This paper is available on arxiv under CC 4.0 license.

**Authors:**

(1) Eleonora Alei, ETH Zurich, Institute for Particle Physics & Astrophysics & National Center of Competence in Research PlanetS;

(2) Björn S. Konrad, ETH Zurich, Institute for Particle Physics & Astrophysics & National Center of Competence in Research PlanetS;

(3) Daniel Angerhausen, ETH Zurich, Institute for Particle Physics & Astrophysics, National Center of Competence in Research PlanetS & Blue Marble Space Institute of Science;

(4) John Lee Grenfell, Department of Extrasolar Planets and Atmospheres (EPA), Institute for Planetary Research (PF), German Aerospace Centre (DLR)

(5) Paul Mollière, Max-Planck-Institut für Astronomie;

(6) Sascha P. Quanz, ETH Zurich, Institute for Particle Physics & Astrophysics & National Center of Competence in Research PlanetS;

(7) Sarah Rugheimer, Department of Physics, University of Oxford;

(8) Fabian Wunderlich, Department of Extrasolar Planets and Atmospheres (EPA), Institute for Planetary Research (PF), German Aerospace Centre (DLR);

(9) LIFE collaboration, www.life-space-mission.com.

## Table of Links

Appendix A: Scattering of terrestrial exoplanets

Appendix C: Bayes’ factor analysis: other epochs

Appendix D: Cloudy scenarios: additional figures

## 2. Methods

We start by discussing the details of the input spectra that were used in this study (Section 2.1).
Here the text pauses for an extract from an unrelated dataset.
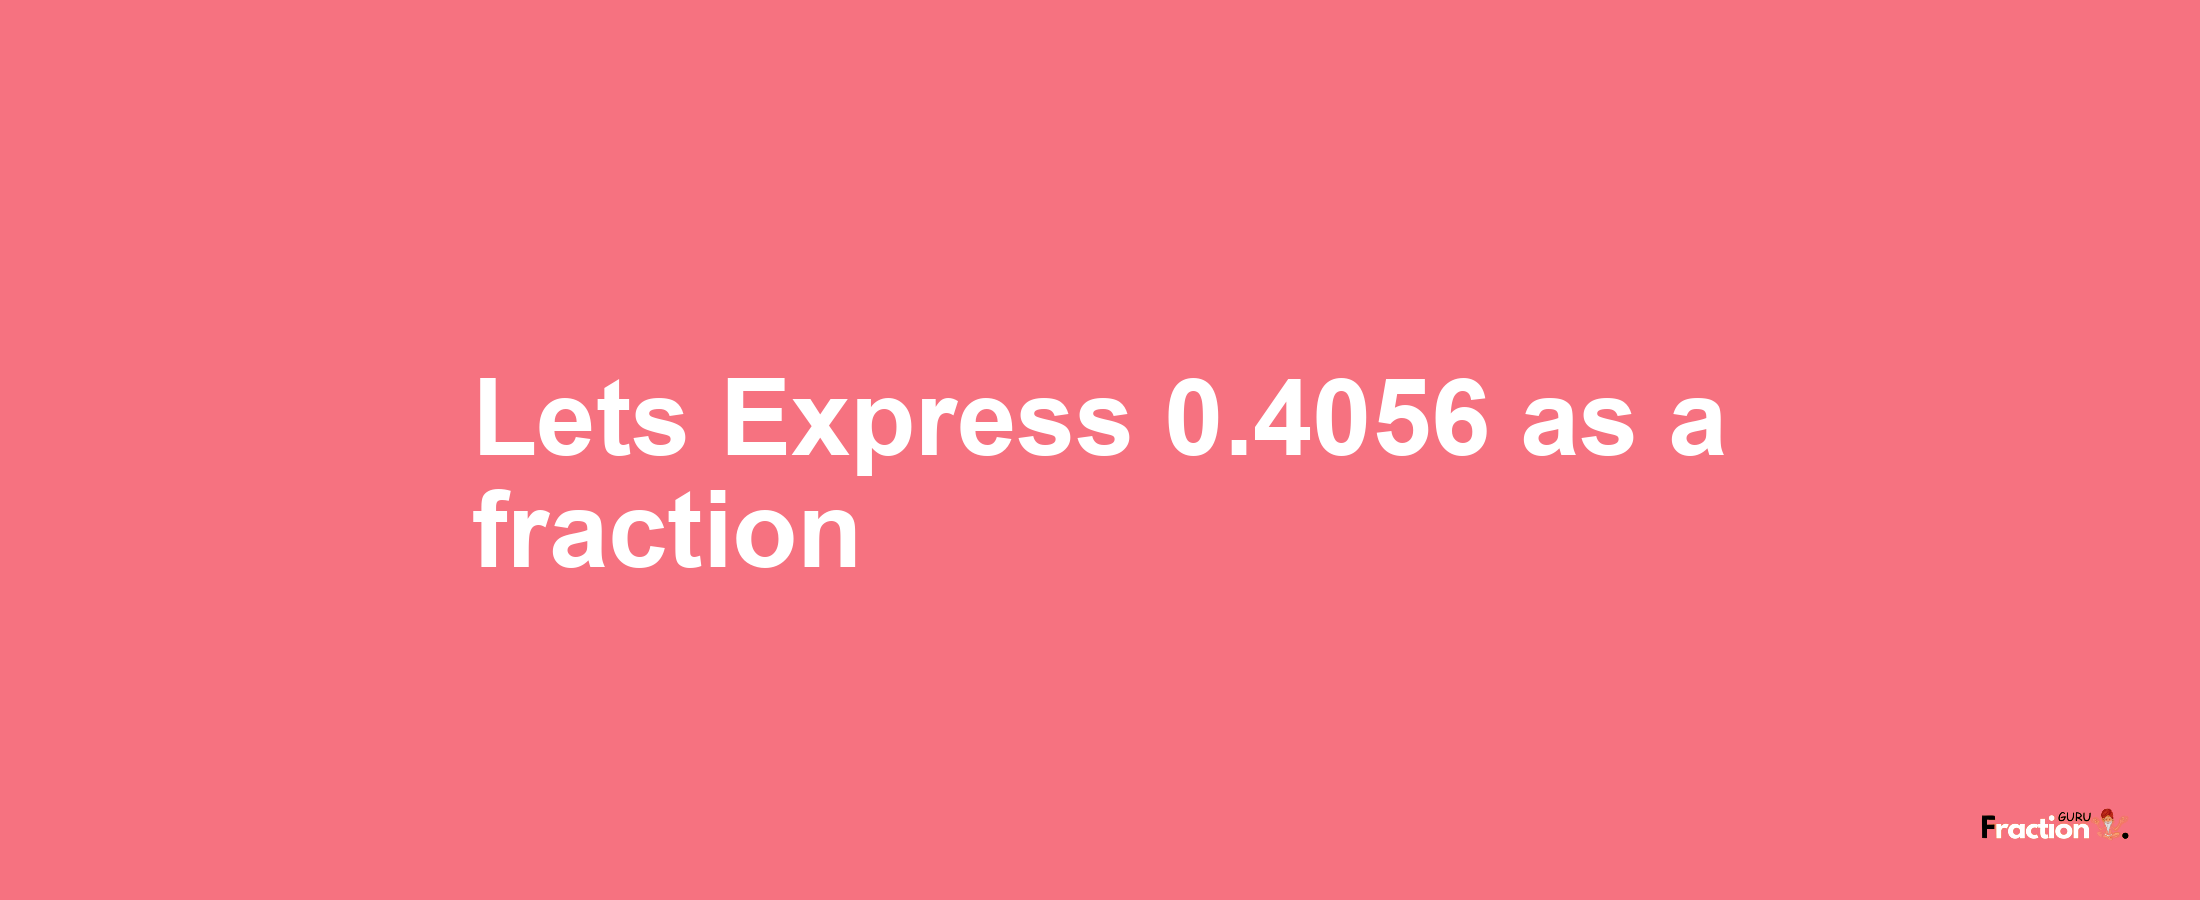 Lets Express 0.4056 as afraction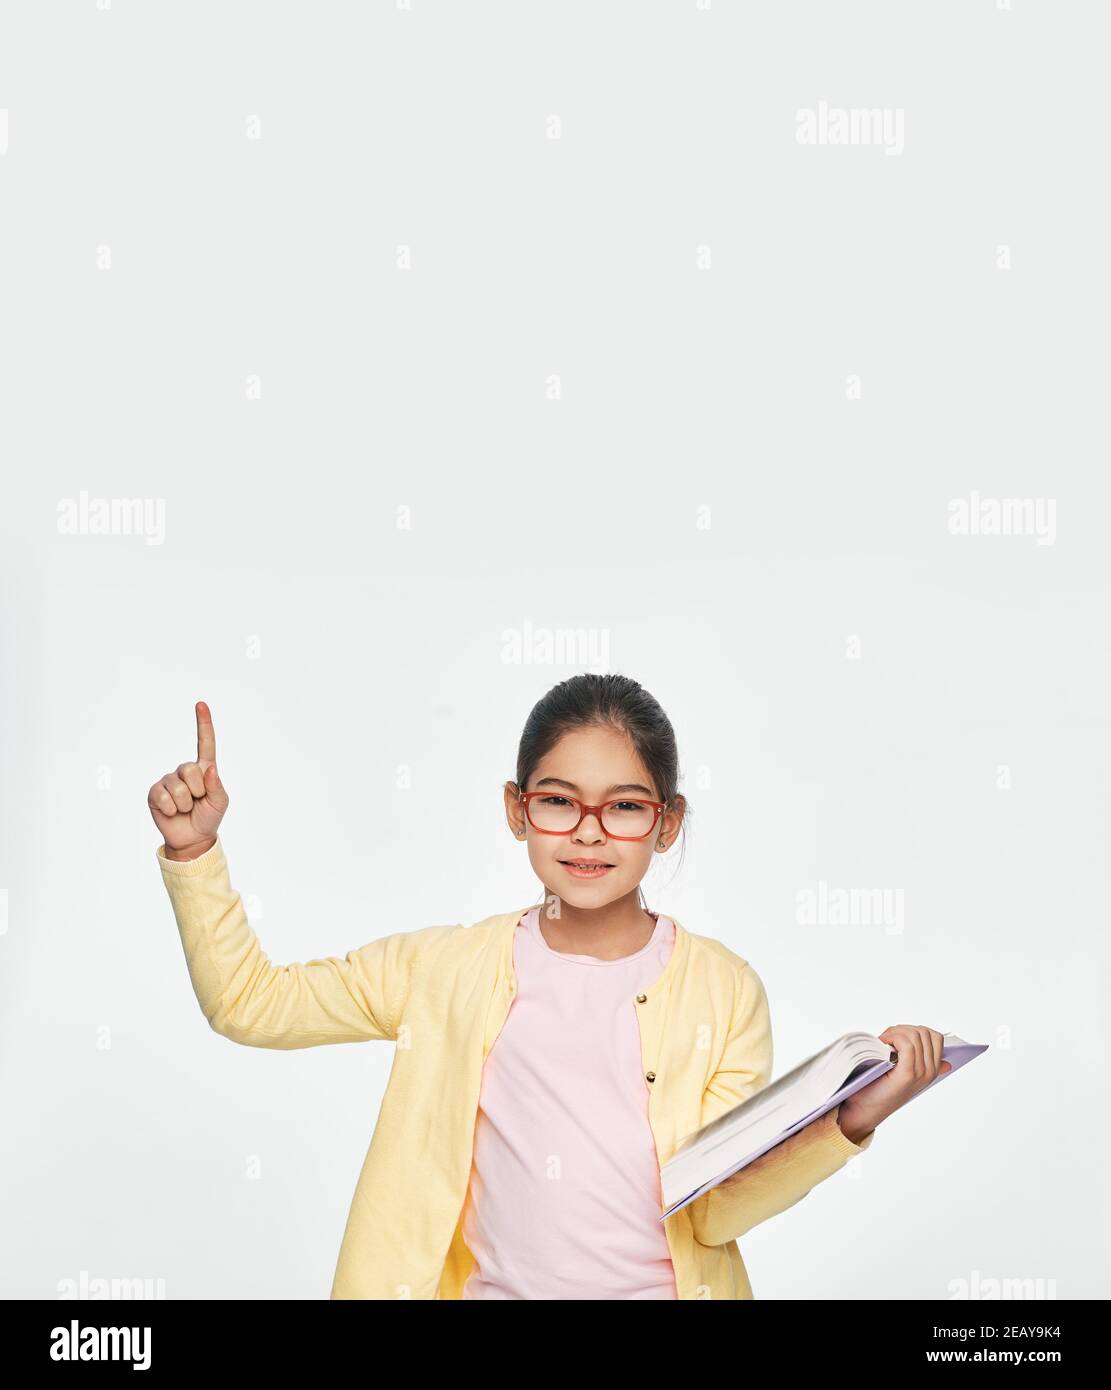 Asian child with book in hands shows index finger up, isolated on light gray background Stock Photo

We then discuss the updates on the Bayesian retrieval routine (Section 2.2). We describe the assumptions that our model takes into account and the main potential source of systematic errors in the retrievals in Section 2.3.

### 2.1. Input spectra and scenarios

We consider spectra corresponding to four different evolutionary epochs of Earth: the prebiotic Earth (3.9 Ga), the Earth shortly after the Great Oxygenation Event (2.0 Ga), the Neoproterozoic Oxygenation Event (0.8 Ga), and Modern Earth. All considered Earth spectra were produced by Rugheimer & Kaltenegger (2018).

These self-consistent spectra were produced using a 1D convective-radiative transfer model loosely coupled with a 1D climate model and a 1D photochemistry model. The authors accounted for the thermal chemistry and the photochemistry of more than 55 species.

The atmospheres were modeled up to 10−4 bar and split into 100 layers. The radiative forcing of clouds is included by adjusting the surface albedo of the planet.

The results of the photochemistry-climate-radiative model were then fed to a line-by-line radiative transfer model to produce emission spectra. The line lists and the pressure broadening coefficients were from to the HITRAN 2016 database (Gordon et al. 2017).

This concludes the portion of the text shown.